The complete chloroplast genome sequence of an Endangered orchid species Dendrobium huoshanense (Orchidaceae) and phylogenetic analysis with related species

DOI: https://doi.org/10.21203/rs.3.rs-1527666/v1

Abstract

The family Orchidaceae, including many medicinal plants, is a famous ornamental plant. While, Dendrobium huoshanense is an endangered Orchidaceae species mainly distributed in Huoshan county, Anhui province, China. Here, using the program MITObim v1.7, we assembled the complete chloroplast genome sequence of D. huoshanense, which consists of 153,188 bp, and a pair of inverted repeats (IR) of 26,525 bp. The genome also includes one small and one large single-copy region (SSC and LSC) of 14,524 bp and 85,614 bp, respectively. GC content of the genome is 40.0%, and it contains 129 genes coding for 76 proteins. Codon usage analysis showed that a total of 23,448 codons were identified, and the simple-sequence repeat sequences mainly contain A/T mononucleotide. Phylogenetic analyses revealed that D. huoshanense belongs to the Dendrobium of the Orchidaceae family, which is in accordance with the traditional classification. The research finding in this paper will be beneficial for further investigations on Dendrobium huoshanense from the aspect of evolution, and chloroplast genetic engineering.

Introduction

Dendrobium huoshanense is a most familiar traditional Chinese medicines, which belongs to the Dendrobium of the highly diverse Orchidaceae family. Due to its extremely demanding for growth environment, the D. huoshanense in wild is rare and endangered. Thus, D. huoshanense has become an endangered medicinal plant with an enormous pharmaceutical and medicinal value (Silva et al. 2015). So far, more and more complete chloroplast genome of the Dendrobium plants such as Dendrobium pendulum, Dendrobium monilforme, and Dendrobium bellatulum have been reported (Gao et al., 2017; Wang et al., 2017; Zhang et al., 2018). Whereas, the information about D. huoshanense chloroplast genome content is limited.
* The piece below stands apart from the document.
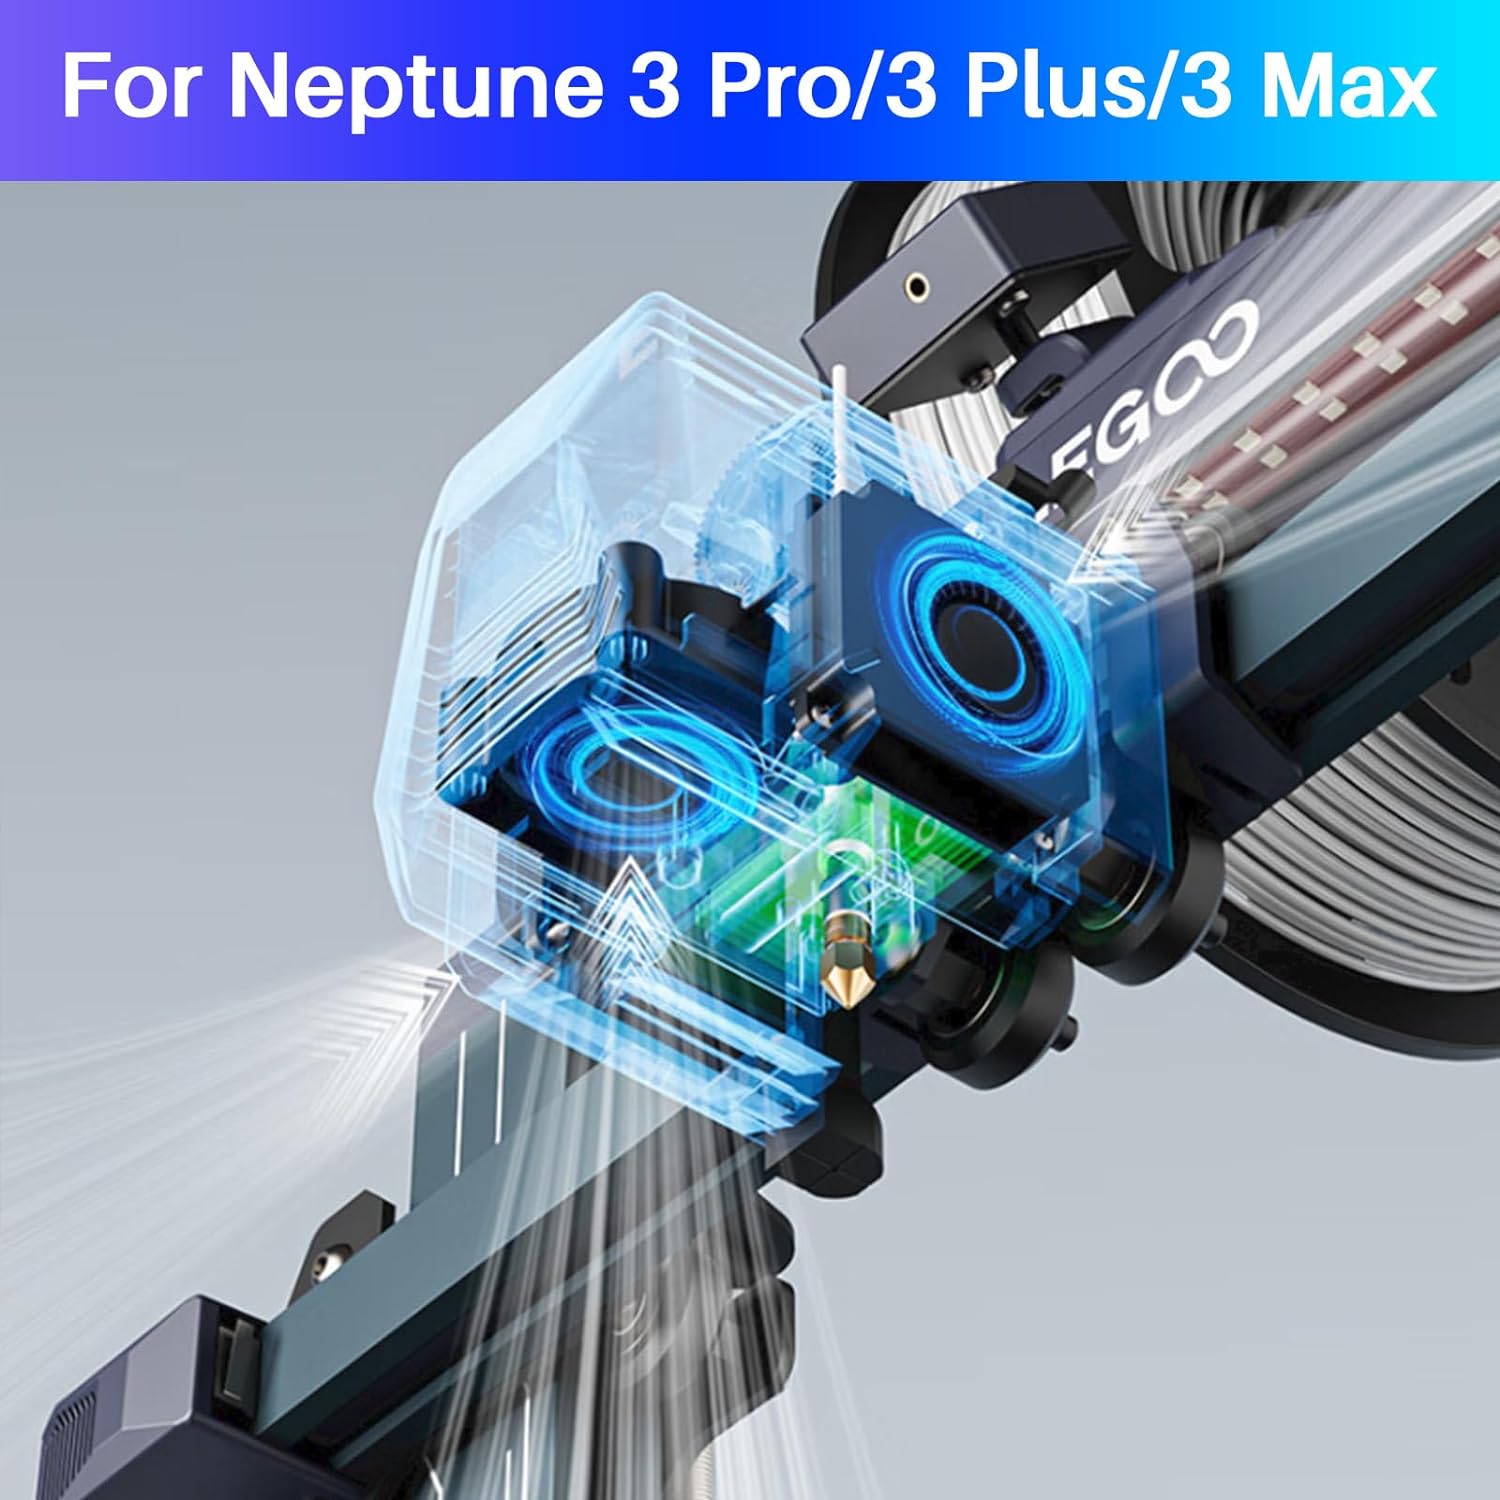 elegoo-3d-printer-extruder-for-neptune-3-pro3-plus3-max-3d-printer-fully-assemble-dual-gear-direct-drive-extruder-elegoo-1 ELEGOO 3D Printer Extruder Review

In plant cells, the chloroplast is a very important organelle, and take a significant role in the process of photosynthesis, and also has a vital function in the biosynthesis of fatty acids and starch (H. et al., 2000). Through photosynthesis, the atmospheric CO2 was converted into carbohydrates, and the light energy is stored as chemical energy in this process. Thus, the chloroplast is also called “energy converters” (Raveendar et al. 2015). Additionally, the plant chloroplast genome is also named chloroplast DNA, which is circular in shape, and contains double strands. Moreover, it encodes genes that are photosynthesis and specific essential metabolic pathways (Kong and Yang 2015).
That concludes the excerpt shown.